The ships caught fire, and burned spectacularly.  It was early morning -- people were going to work, kids were going to school.  Half of Halifax ran down to the waterfront to gape at the spectacle.  The two burning ships drifted slowly towards the Halifax shore. And then the munitions ship exploded.
It was as if an earthquake had hit the city.  The shock wave knocked down row upon row of the little wooden houses that lined the shore and fires from stoves and fireplaces swept through the wreckage.  It was total, utter disaster.  The desperate city officials sent out a plea for help and one of the first respondents was the city of Boston, which sent a trainload of supplies and personnel, includig doctors and nurses.  And every Christmas -- to this day -- the city of Halifax presents Boston with a huge Christmas tree, a token of the city's gratitude and appreciation.
By the time we've worked our way through the series of rooms documenting the explosion and its aftermath -- including recorded accounts from the survivors -- it's time for lunch.  We find a waterfront restaurant -- Murphy's -- and I decide I've had enough lobster, so I order a Fisherman's Platter.  It is the best Fisherman's Platter I have ever eaten anywhere, ever in my whole life.  Fish doesn't turn Xingxing on, but he enjoys the bread and butter.

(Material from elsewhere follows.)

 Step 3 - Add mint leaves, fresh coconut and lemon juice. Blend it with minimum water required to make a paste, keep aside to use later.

Now, it's time for our tour to Peggy's Cove.



Sunday, August 4, 2013

The King George Hotel in Halifax is Super Dog-Friendly

The description of a hotel as "dog friendly" can mean anything from "dogs allowed" to "dogs welcome".  Many hotels and motels that say they're "dog friendly" will put you in a room where the frayed carpets stink of tobacco.  That's not exactly what I call friendly. And if you arrive at some places without reservations, you're likely to be told that the rooms "where dogs are permitted" are already taken.

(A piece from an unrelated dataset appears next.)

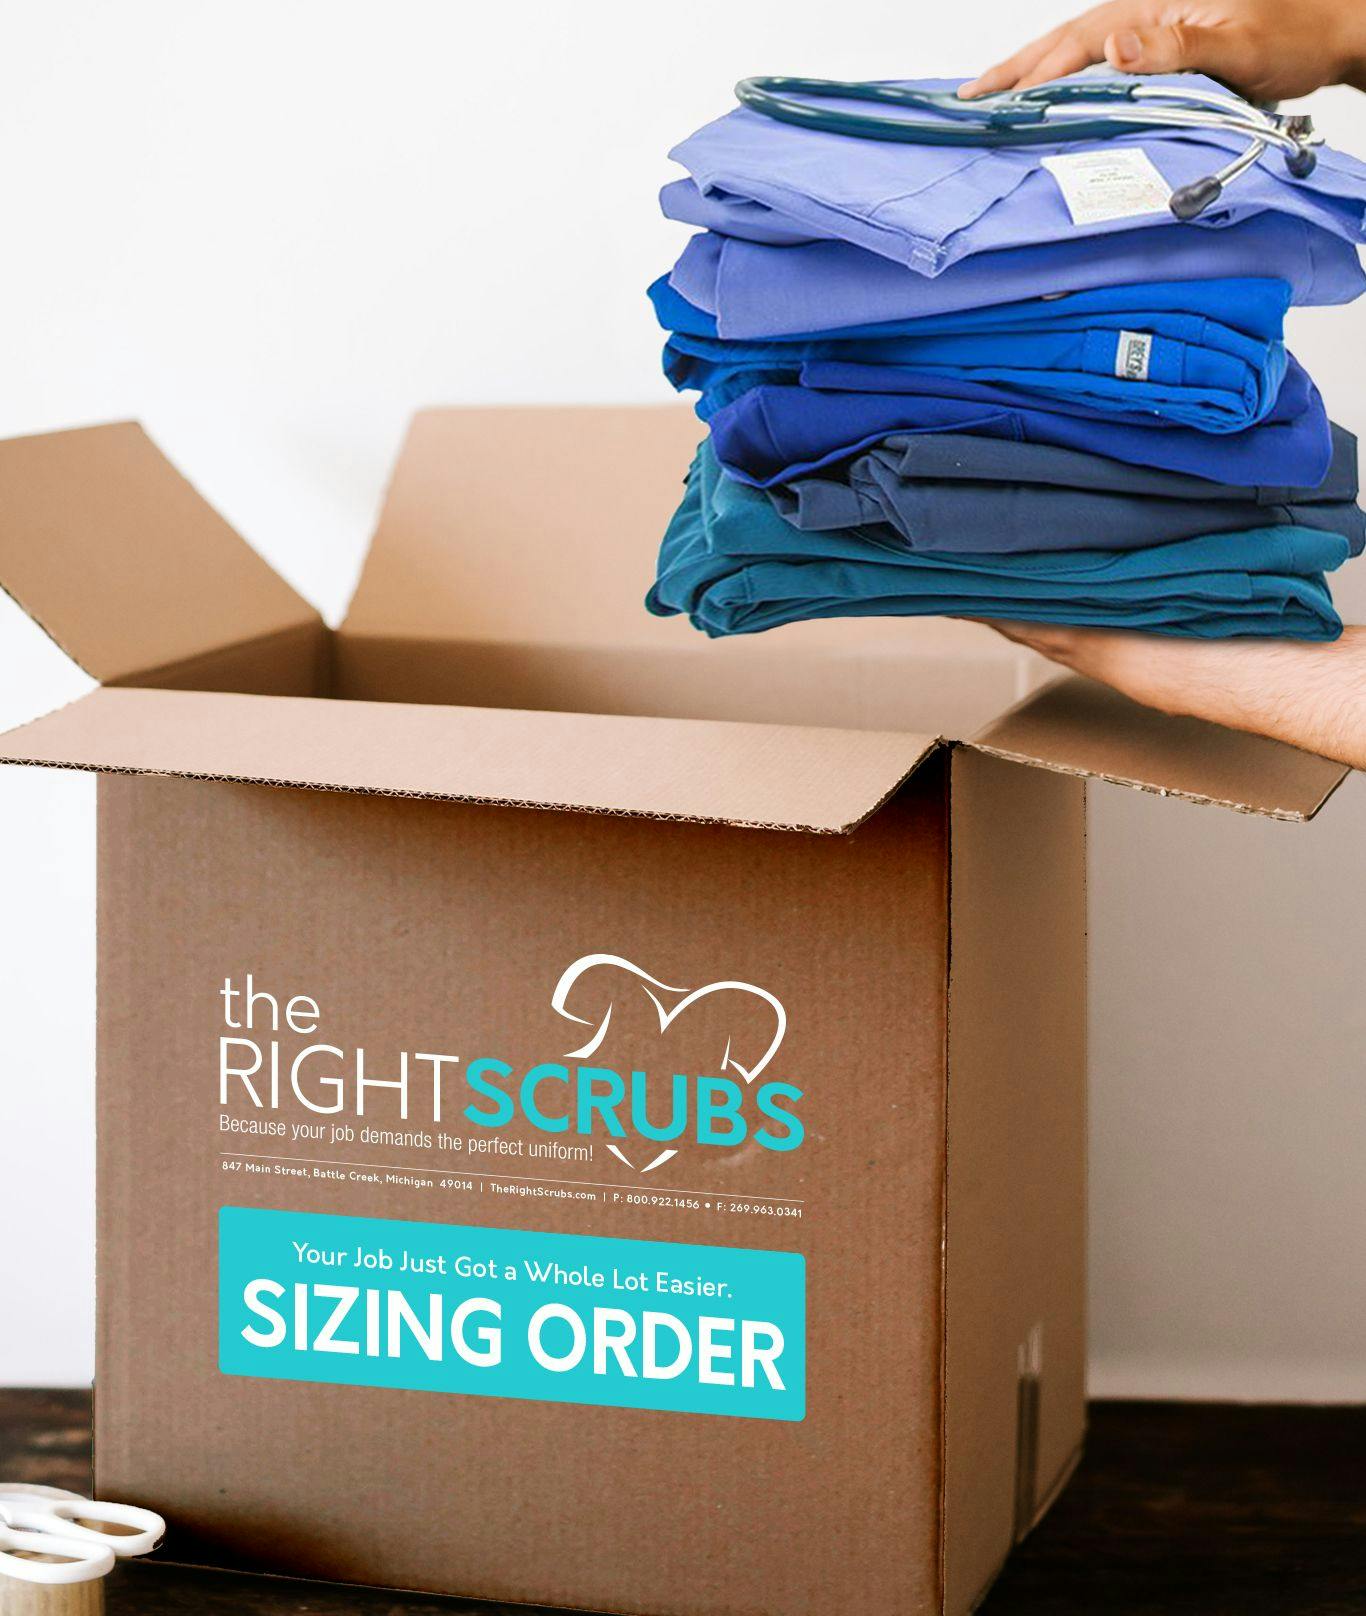 TheRightScrubs-Services-Sizing-Orders

At the King George Hotel in Halifax, Nova Scotia, dogs are definitely welcome.  When you check in, you are presented with a "goody bag" that contains a brace of dog dishes (one for food, one for water) a fluffy flannel blanket, dog treats and poop bags tied up with a gold ribbon.  There's also a sign you can personalize with your dog's name and hang on the door of your room if you have to go out and leave your dog behind.  (Most places won't even allow you to leave your dog in the room)
But what's really special are the travel tips that focus on natural remedies.  Is your dog stressed out from travel?  Try a pinch of ground valerian root mixed in with food.  Or soak a doggie treat in chamomile tea.There are suggestions for the kinds of minor ailments that might occur during a trip, as well.  Yellow dock treatment kills ear mites.  And echinacea tea is good for minor cuts on a paw.  Urinary tract problems can be warded off with dandelion root. (I never knew that) Sprinkle several drops of the tincture or a teaspoon of ground root on your dog's food several times a week.  And you can boost your dog's immune system with a pinch of antioxidant herbs, which include oregano, dill, thyme, peppermint, sage, lemon balm and cinnamon.
Xingxing loves cinnamon.  I use it at home, to control ants.  If you sprinkle a bit of cinnamon where you see ants, the ants disappear -- unless your dog gets to the cinnamon first!  But I never knew it was an antioxidant.  Did you?